Илья Репин. Портрет В. Г. Короленко, 1912
Илья Репин. Портрет В. Г. Короленко, 1912
Вспоминаю первую прогулку в сосновом бору. Меня заворожил протяжный шум лесных верхушек, и я остановился как вкопанный на дорожке. Этого никто не заметил, и все наше общество пошло дальше. Дорожка в нескольких саженях впереди круто опускалась книзу, и я глядел, как на этом изломе исчезали сначала ноги, потом туловища, потом головы… Я ждал с жутким чувством, когда исчезнет ярко-белая шляпа дяди Генриха, самого высокого из братьев моей матери, и наконец остался один… Я, кажется, чувствовал, что "один в лесу" – это, в сущности, страшно, но, как заколдованный, не мог ни двинуться, ни произнести звука и только слушал то тихий свист, то звон, то смутный говор и вздохи леса… Подходившего ко мне дядю в светлом костюме и соломенной шляпе я видел точно чужого, незнакомого мне человека.

Что воспоминания эти написаны не сегодня и не вчера, слышно и видно не только по "саженям" и "нашему обществу". Осязаемые пятна воздуха, бесшумные блики, запах смолы, кинематографически остраненные ноги, туловища и головы, сгустки детского волнения – все выдает модерниста начала века. Я вспомнил эти сосново-соломенные импрессии В. Г. Короленко, читая другого модерниста – В. В. Набокова. Есть в его сборнике "Весна в Фиальте" рассказ "Уста к устам". Герой рассказа – бездарный, пошлый романист. В. Набоков находит множество деталей – психологических, портретных, – чтобы заразить нас своим сарказмом по отношению к графоману. Заражает с легкостью. Разумеется, мы с мастером, мы, как и он, ироничны, изысканны, зорки. Уже добивая жертву, В. Набоков характеризует литературные вкусы персонажа: "уважал Лугового, ценил Короленко, находил, что Арцыбашев развращает молодежь…". И тут мне пришел на память Короленко, нет, не создатель моралистических переводных картинок, не заступник гонимых, а мемуарист, автор душистых воспоминаний о Малороссии. Не знаю, читал ли их В. Набоков. Но если и читал, то едва ли взгляд его потеплел: нашел же метр ядовитый эпитет для бунинской прозы – "парчовая".
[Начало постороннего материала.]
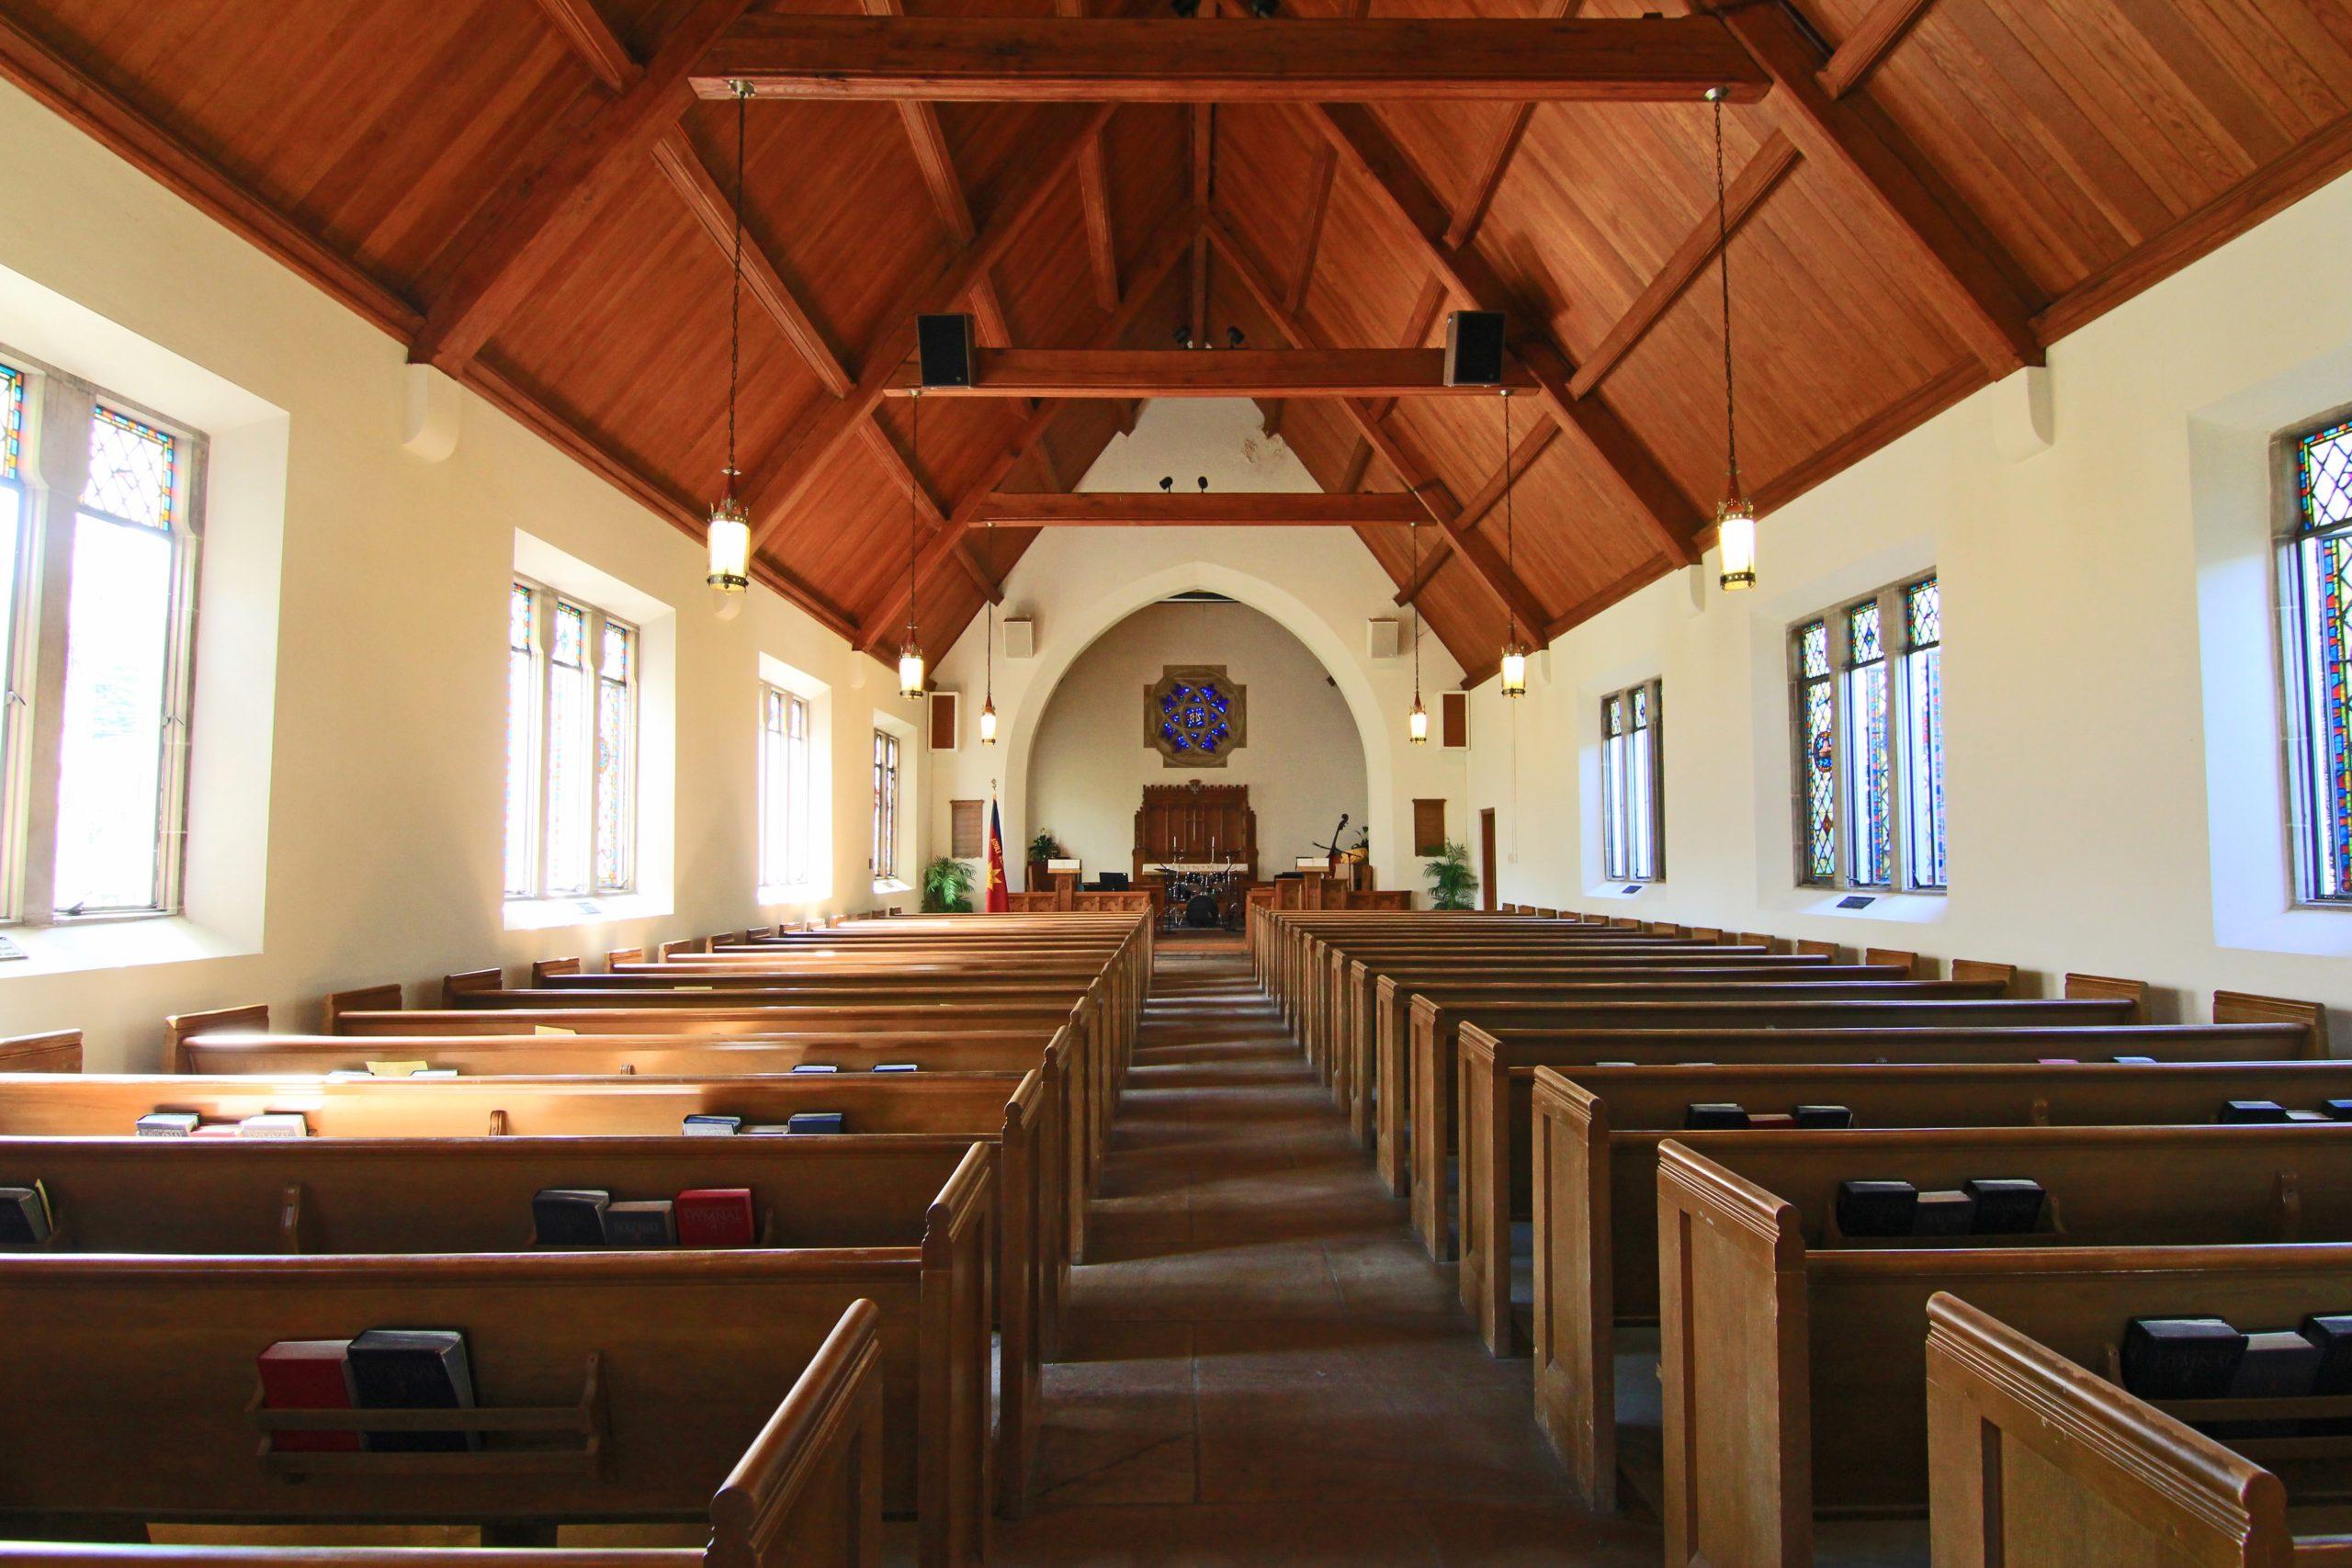 Governador da Califórnia pagará multa por fechar igrejas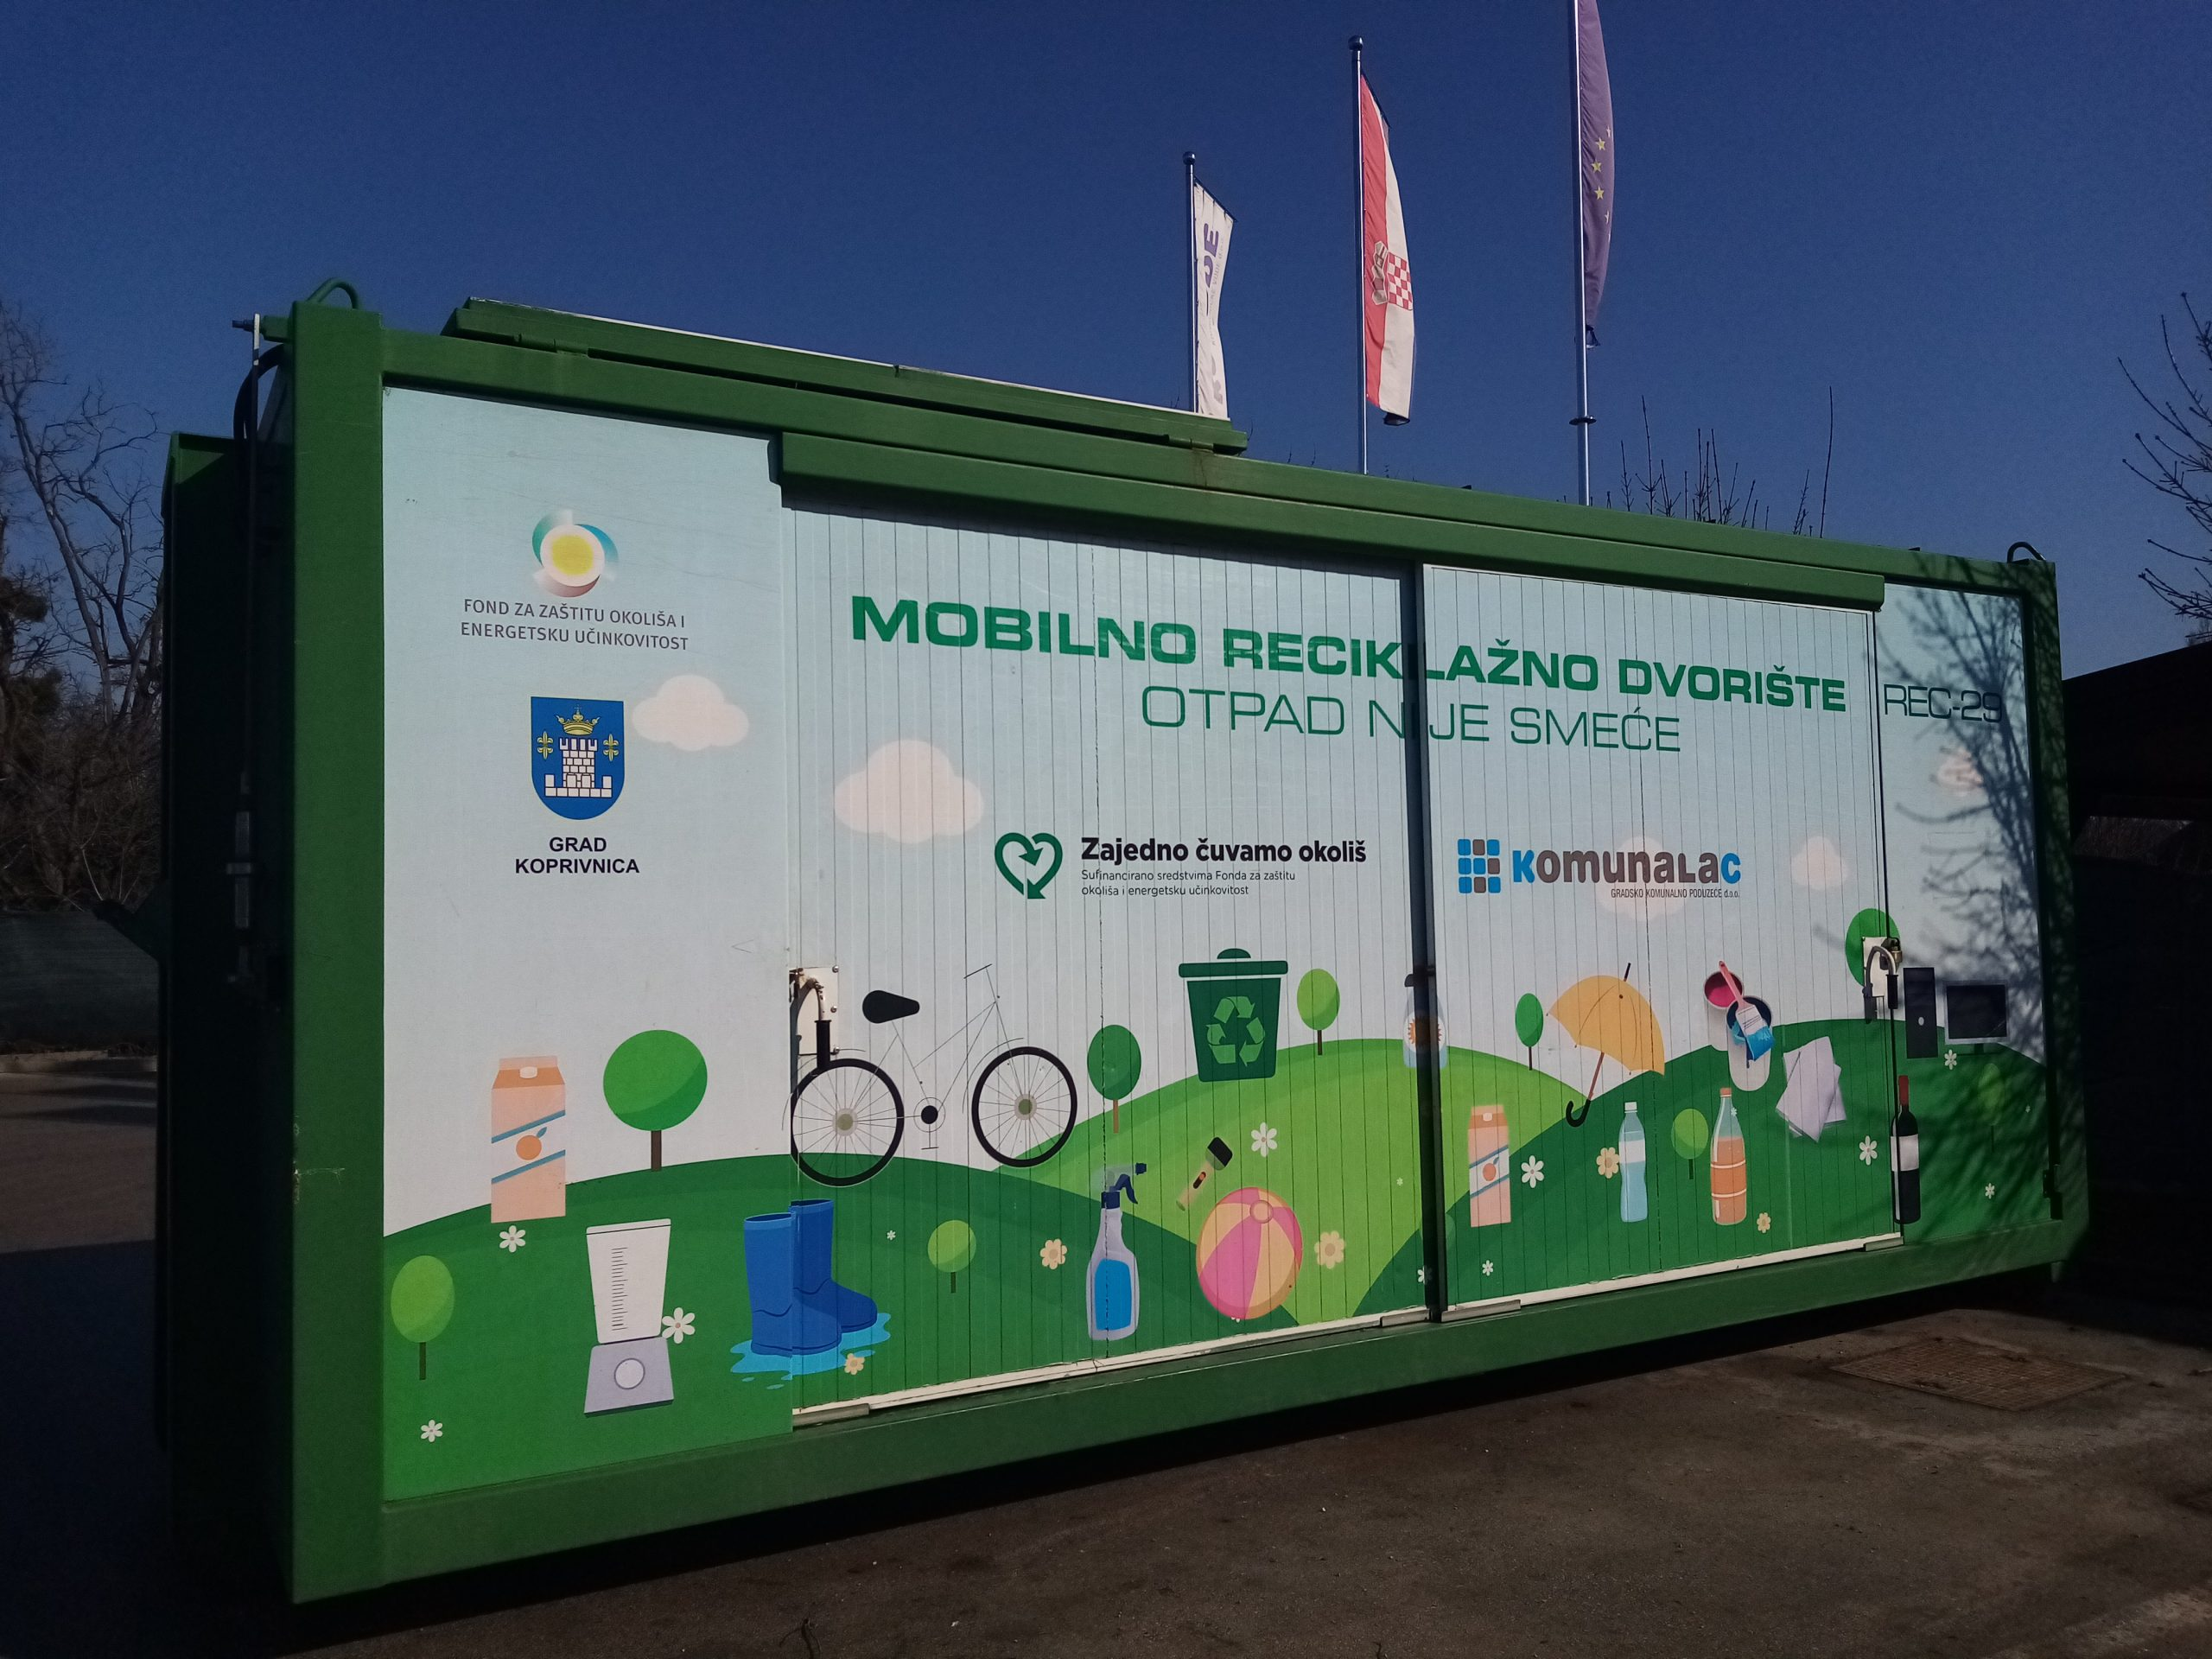 Mobilno reciklažno dvorište u utorak, 14. rujna, nalazit će se u općini Sokolovac

На волне набоковского сарказма я мысленно вернулся к начальному рассказу сборника, "Весне в Фиальте". После первого прочтения у меня осталось неприятное послевкусье, что-то вроде обиды. Я перечитал рассказ и понял, чем меня задел писатель: недоверием. Под занавес он все же сунул в руки героини букет фиалок. Мало ему было, что они торчали в названии. И мало было во втором абзаце услышать в имени городка "сахаристо-сырой запах мелкого, темного, самого мятого из цветов…". Ладно, я бы не вспоминал послевкусья и не придирался, если б не это масонское подмигивание – "ценил Короленко".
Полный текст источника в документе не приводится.